• **Exercise**
The required output is the line containing "Blue Infinite Vector" through the final line of the material below, printed exactly, with no other lines.

• **Stored data**
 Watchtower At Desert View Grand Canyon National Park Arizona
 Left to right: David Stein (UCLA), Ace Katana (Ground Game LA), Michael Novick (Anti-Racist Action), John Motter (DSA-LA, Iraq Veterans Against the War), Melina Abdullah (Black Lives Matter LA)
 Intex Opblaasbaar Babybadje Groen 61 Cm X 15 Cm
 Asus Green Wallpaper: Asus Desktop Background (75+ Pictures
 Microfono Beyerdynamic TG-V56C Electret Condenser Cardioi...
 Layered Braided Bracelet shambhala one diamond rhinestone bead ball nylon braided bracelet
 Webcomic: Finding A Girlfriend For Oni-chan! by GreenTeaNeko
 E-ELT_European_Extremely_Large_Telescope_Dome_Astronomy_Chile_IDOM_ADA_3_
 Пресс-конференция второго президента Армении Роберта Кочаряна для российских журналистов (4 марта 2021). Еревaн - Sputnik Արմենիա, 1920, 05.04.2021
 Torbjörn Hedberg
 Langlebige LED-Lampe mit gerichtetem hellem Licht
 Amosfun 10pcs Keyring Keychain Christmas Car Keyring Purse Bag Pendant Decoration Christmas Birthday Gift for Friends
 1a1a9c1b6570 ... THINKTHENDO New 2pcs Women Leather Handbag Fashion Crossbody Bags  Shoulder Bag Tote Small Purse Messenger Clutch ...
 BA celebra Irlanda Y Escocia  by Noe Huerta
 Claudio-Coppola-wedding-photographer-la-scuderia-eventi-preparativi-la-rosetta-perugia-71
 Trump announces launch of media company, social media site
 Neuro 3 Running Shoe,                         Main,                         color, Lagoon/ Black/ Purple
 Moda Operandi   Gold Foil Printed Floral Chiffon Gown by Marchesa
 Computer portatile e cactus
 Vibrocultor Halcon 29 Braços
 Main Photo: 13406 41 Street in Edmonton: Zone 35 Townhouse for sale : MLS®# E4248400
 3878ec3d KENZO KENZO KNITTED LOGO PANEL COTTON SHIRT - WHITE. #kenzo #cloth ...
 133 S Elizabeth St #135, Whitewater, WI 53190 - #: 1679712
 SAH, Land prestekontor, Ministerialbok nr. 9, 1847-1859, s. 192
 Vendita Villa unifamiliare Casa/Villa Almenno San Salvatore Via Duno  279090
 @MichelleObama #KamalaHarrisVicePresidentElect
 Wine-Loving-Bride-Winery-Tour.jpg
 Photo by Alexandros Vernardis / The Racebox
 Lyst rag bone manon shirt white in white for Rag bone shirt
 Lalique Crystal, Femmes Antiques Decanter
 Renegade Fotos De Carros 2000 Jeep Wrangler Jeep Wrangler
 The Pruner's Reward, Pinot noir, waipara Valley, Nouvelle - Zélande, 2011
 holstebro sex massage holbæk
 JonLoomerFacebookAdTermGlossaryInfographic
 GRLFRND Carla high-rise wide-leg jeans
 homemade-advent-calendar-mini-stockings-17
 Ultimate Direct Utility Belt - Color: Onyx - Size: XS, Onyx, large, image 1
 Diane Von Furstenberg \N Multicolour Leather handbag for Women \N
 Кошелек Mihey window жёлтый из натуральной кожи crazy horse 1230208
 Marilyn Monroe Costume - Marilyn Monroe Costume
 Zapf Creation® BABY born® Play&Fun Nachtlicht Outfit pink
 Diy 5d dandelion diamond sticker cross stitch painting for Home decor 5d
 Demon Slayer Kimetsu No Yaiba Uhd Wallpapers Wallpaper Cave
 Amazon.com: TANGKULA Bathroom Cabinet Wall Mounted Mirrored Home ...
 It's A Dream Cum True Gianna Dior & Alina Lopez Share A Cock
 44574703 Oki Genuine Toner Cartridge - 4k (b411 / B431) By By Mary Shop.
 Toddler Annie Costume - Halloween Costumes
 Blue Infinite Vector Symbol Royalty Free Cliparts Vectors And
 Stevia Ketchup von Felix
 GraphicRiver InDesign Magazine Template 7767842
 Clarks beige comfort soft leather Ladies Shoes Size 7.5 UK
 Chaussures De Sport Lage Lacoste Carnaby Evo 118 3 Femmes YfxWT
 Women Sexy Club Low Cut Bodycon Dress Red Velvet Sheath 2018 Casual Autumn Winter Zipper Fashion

• **Output for this exercise**
 Blue Infinite Vector Symbol Royalty Free Cliparts Vectors And
 Stevia Ketchup von Felix
 GraphicRiver InDesign Magazine Template 7767842
 Clarks beige comfort soft leather Ladies Shoes Size 7.5 UK
 Chaussures De Sport Lage Lacoste Carnaby Evo 118 3 Femmes YfxWT
 Women Sexy Club Low Cut Bodycon Dress Red Velvet Sheath 2018 Casual Autumn Winter Zipper Fashion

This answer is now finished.